En cada una de los partes se nota una subordinación del acontecimiento, el
de los marineros y el de los ninivitas, a lo que luego es encuentro a solas
entre el profeta y Yahveh. Es decir, la escena segunda se orienta a la
tercera, y la cuarta a la quinta. Esto permite sacar la conclusión de que lo
primero en la atención del autor, no es si los marineros conocen a Yahveh o
si los ninivitas se convierten, sino lo que hará el propio Jonás. Este
debería aplacar la ira, que le hace replegarse en sí mismo, y abrirse a la
aceptación de los demás. El acento del prólogo no recae, pues, en Nínive,
sino en si Jonás irá o no a la ciudad. Los acontecimientos conducen a Jonás
a cumplir su misión, aunque sea en desacuerdo con el punto de vista de
Yahveh. Jonás se rebela contra su misión, pero acaba cumpliéndola. La
historia se acaba con misiones cumplidas, pero sin saber si el hombre Jonás
termina de acuerdo con todo lo acontecido. El interrogante de Dios espera la
respuesta de los oyentes.
Cada uno de los cuatro capítulos se corresponde con uno de los cuatro
elementos de la física antigua: aire, agua, tierra y fuego. Al final de cada
capítulo se introduce el elemento que dominará el capítulo siguiente. En el
primer capítulo, Dios lanza un fuerte viento sobre el mar, provocando una
tempestad de aire que levanta olas y marejadas. Aunque la acción se
desarrolla en el mar, el elemento dominante es el viento. Este sólo se calma
cuando Jonás es arrojado al mar, con lo que se abre el segundo capítulo, en
el que todos los hechos ocurren en el agua. Pero ya, al elevar Jonás su
oración desde el vientre del pez, alude a las raíces de los montes y a la
tierra, sobre la que será arrojado. La tierra es el tercer elemento, en el
que se desenvuelve el tercer capítulo. Jonás aparece en la orilla del mar,
llega a Nínive y atraviesa la gran ciudad. El edicto del rey de Nínive se
concluye con la invitación al arrepentimiento para apagar el fuego de la ira
de Dios, abriendo el paso al cuarto capítulo. Al comienzo de este último
capítulo es Jonás quien se encoleriza por dos veces, dolido por que Dios no
ha destruido la ciudad como él ha anunciado. Dios le pregunta a Jonás si es
justo comportarse así. Pero Jonás reacciona airándose aún más, "hasta morir"

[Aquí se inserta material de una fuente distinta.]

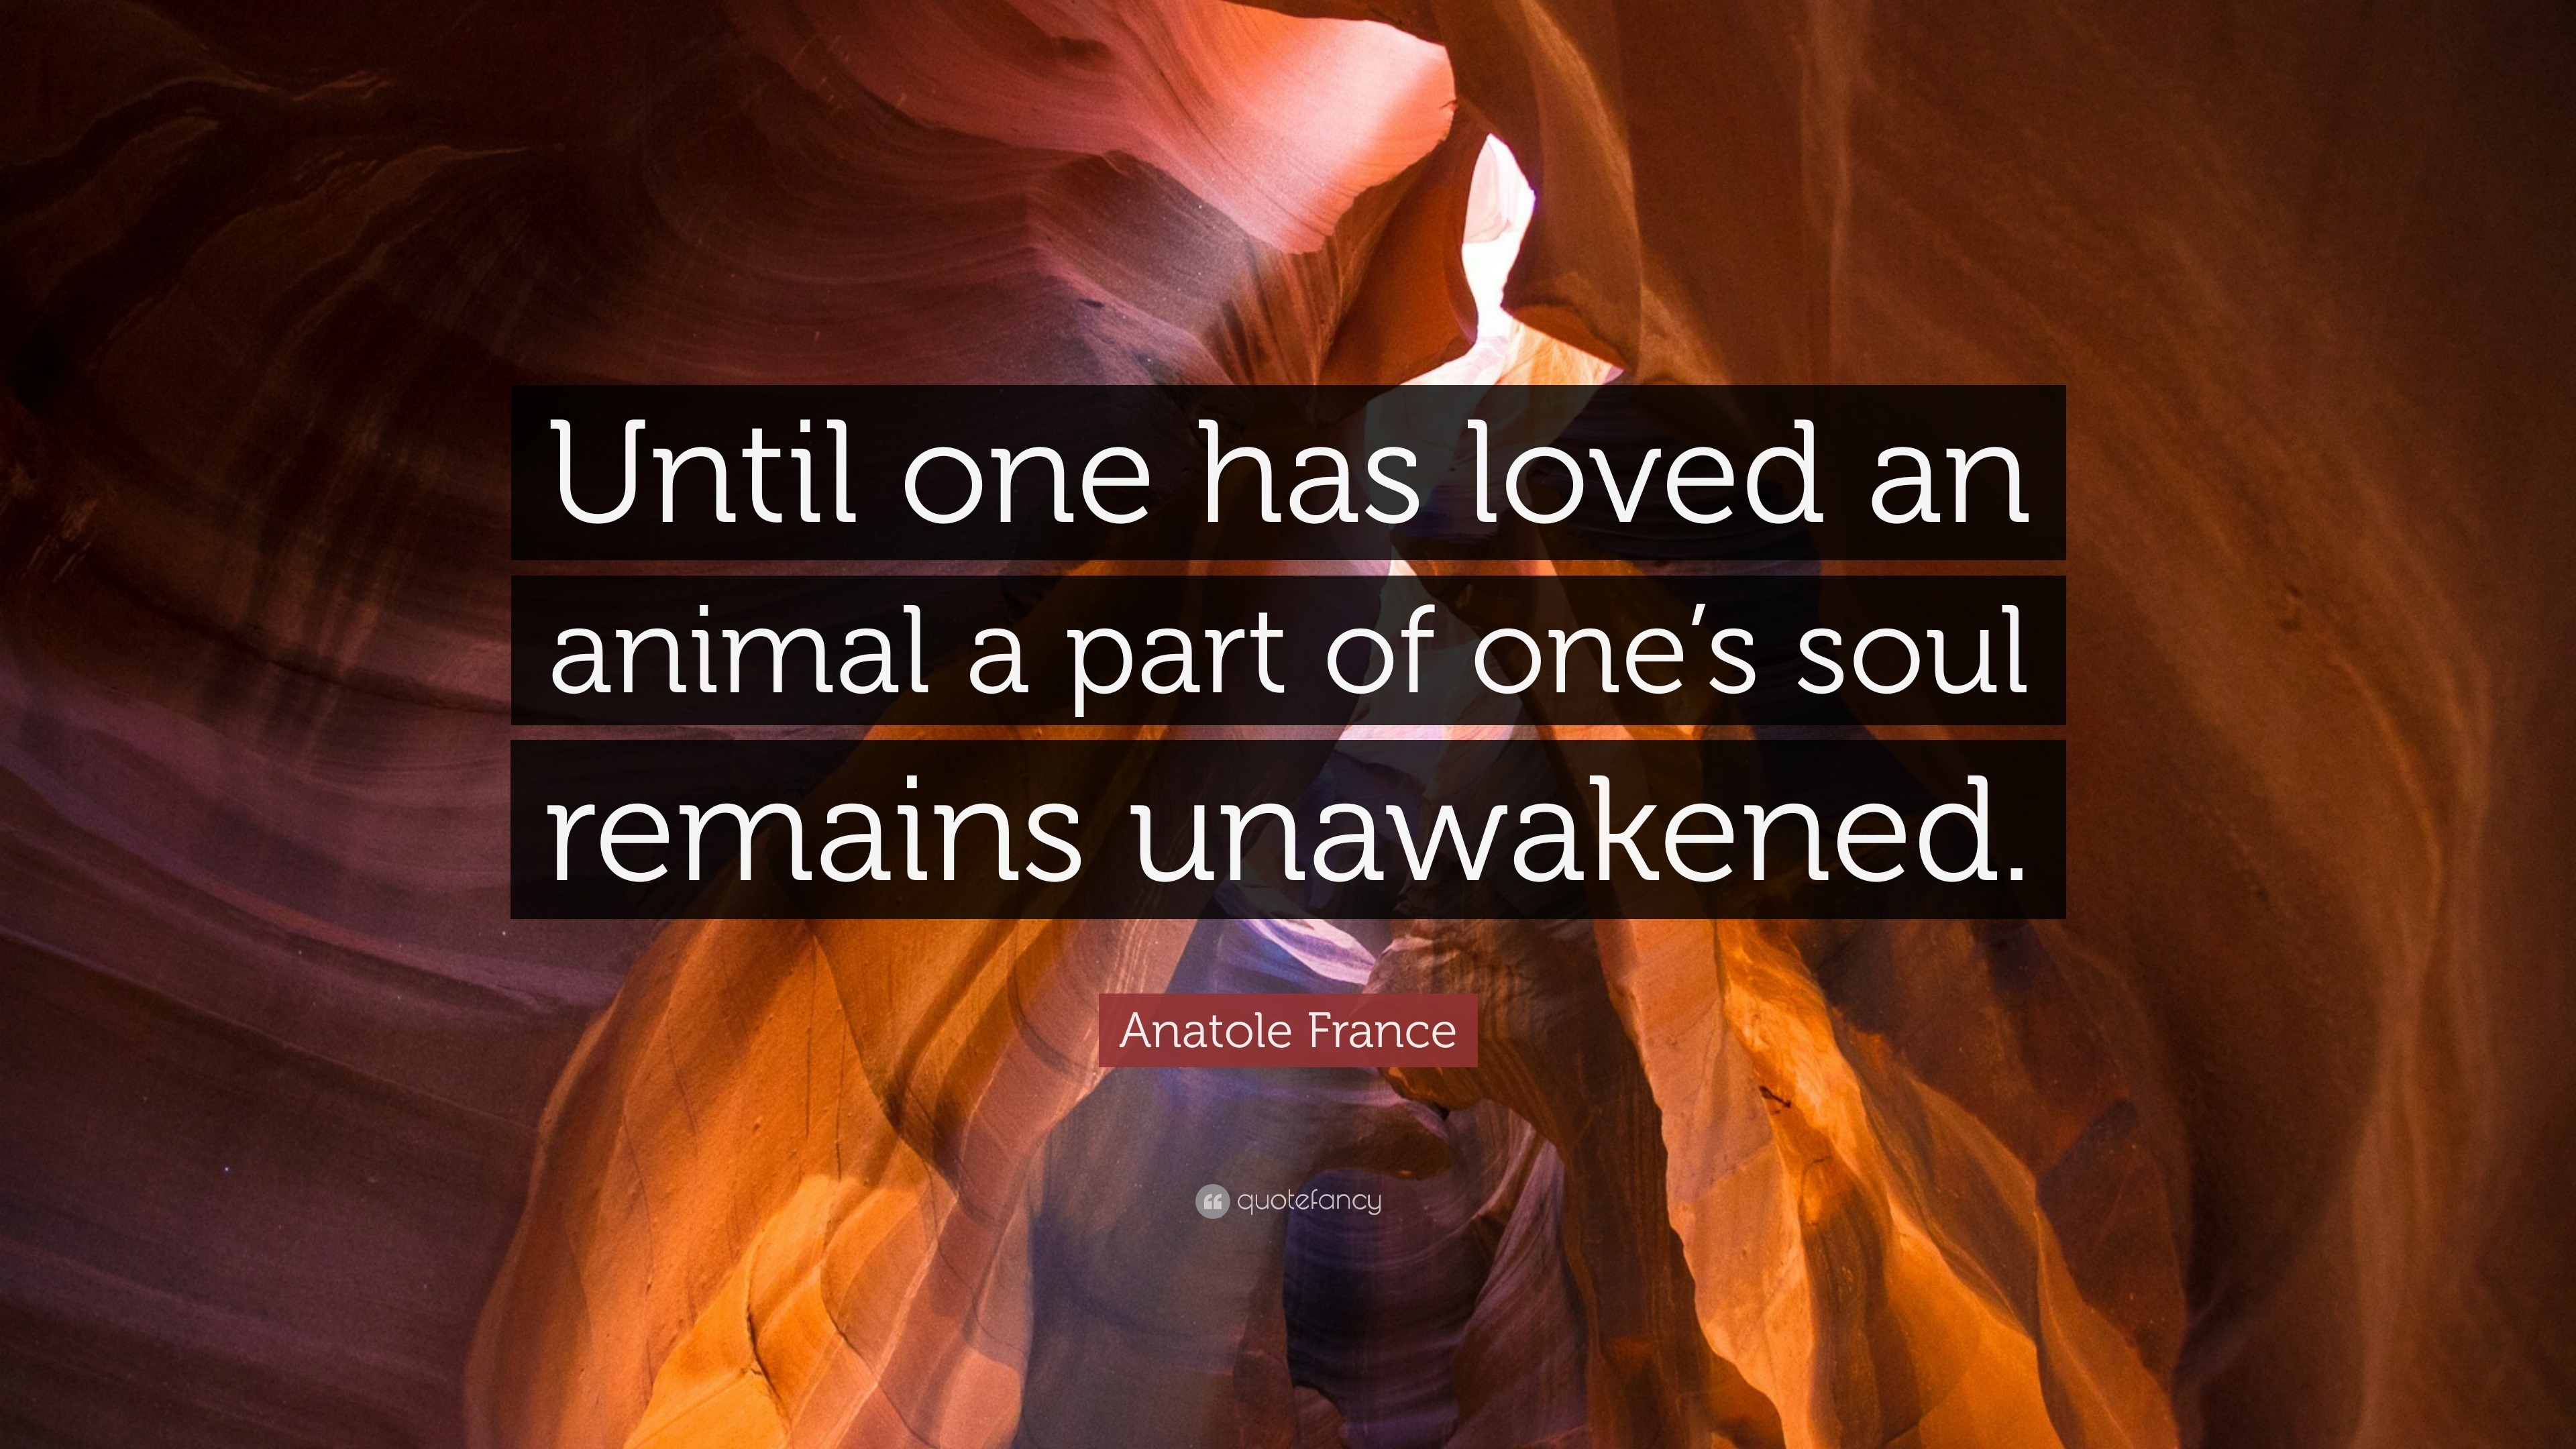 Anatole France Quote: "Until one has loved an animal a part of one's soul remains unawakened ...
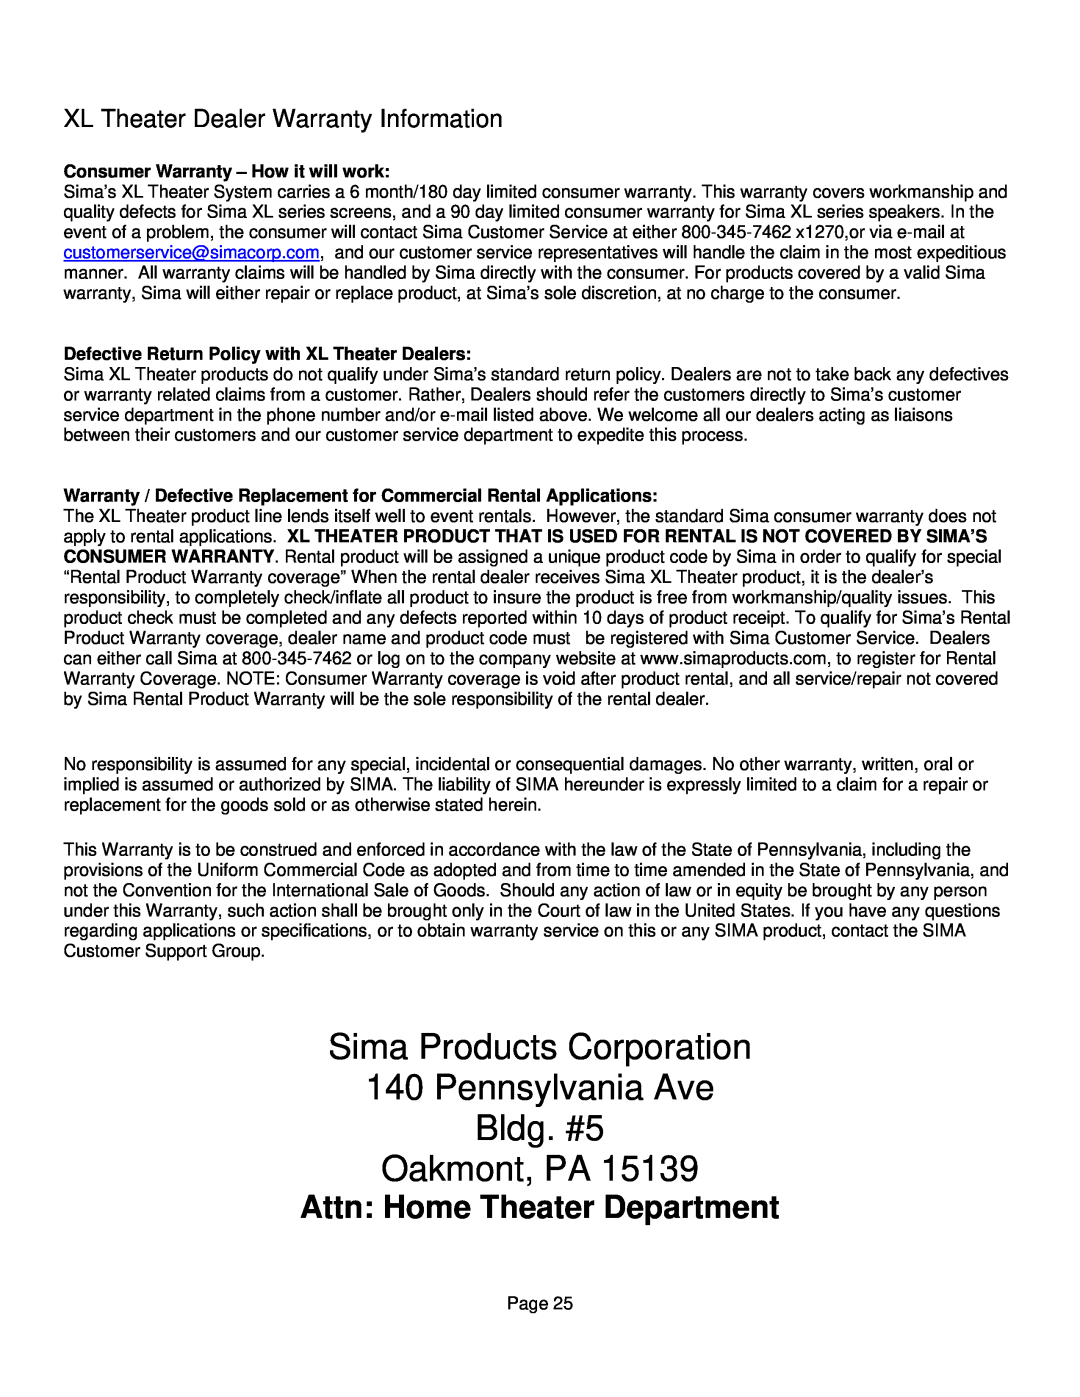 Sima Products XL-12 Sima Products Corporation 140 Pennsylvania Ave, Bldg. #5 Oakmont, PA, Attn Home Theater Department

a causa del ricino secado, haciendo aún más insoportable la aceptación del
calor del sol y del viento sofocante.
Fuego y viento unen el final con el principio. Se puede comenzar de nuevo la
lectura, pues el perdón de Dios se repite una y otra vez, venciendo las
continuas faltas del hombre, que arrepentido se vuelve a él. Nunca se cansa
de perdonar. En el perdón se muestra como Dios. San Ambrosio, comentando la
creación del hombre, dice:
Gracias, pues, a Dios Nuestro Señor que hizo una obra en la que pudiera
encontrar descanso. Hizo el cielo, pero no leo que allí haya descansado;
hizo las estrellas, la luna, el sol, y tampoco ahí leo que haya descansado
en ellos. Leo, sin embargo, que hizo al hombre y que entonces descansó,
teniendo en él uno al cual podía perdonar los pecados (Ambrosio, Hex. 6,10,
76; CSEL 32, 1, 261; Citado en Dies Domini, n.61).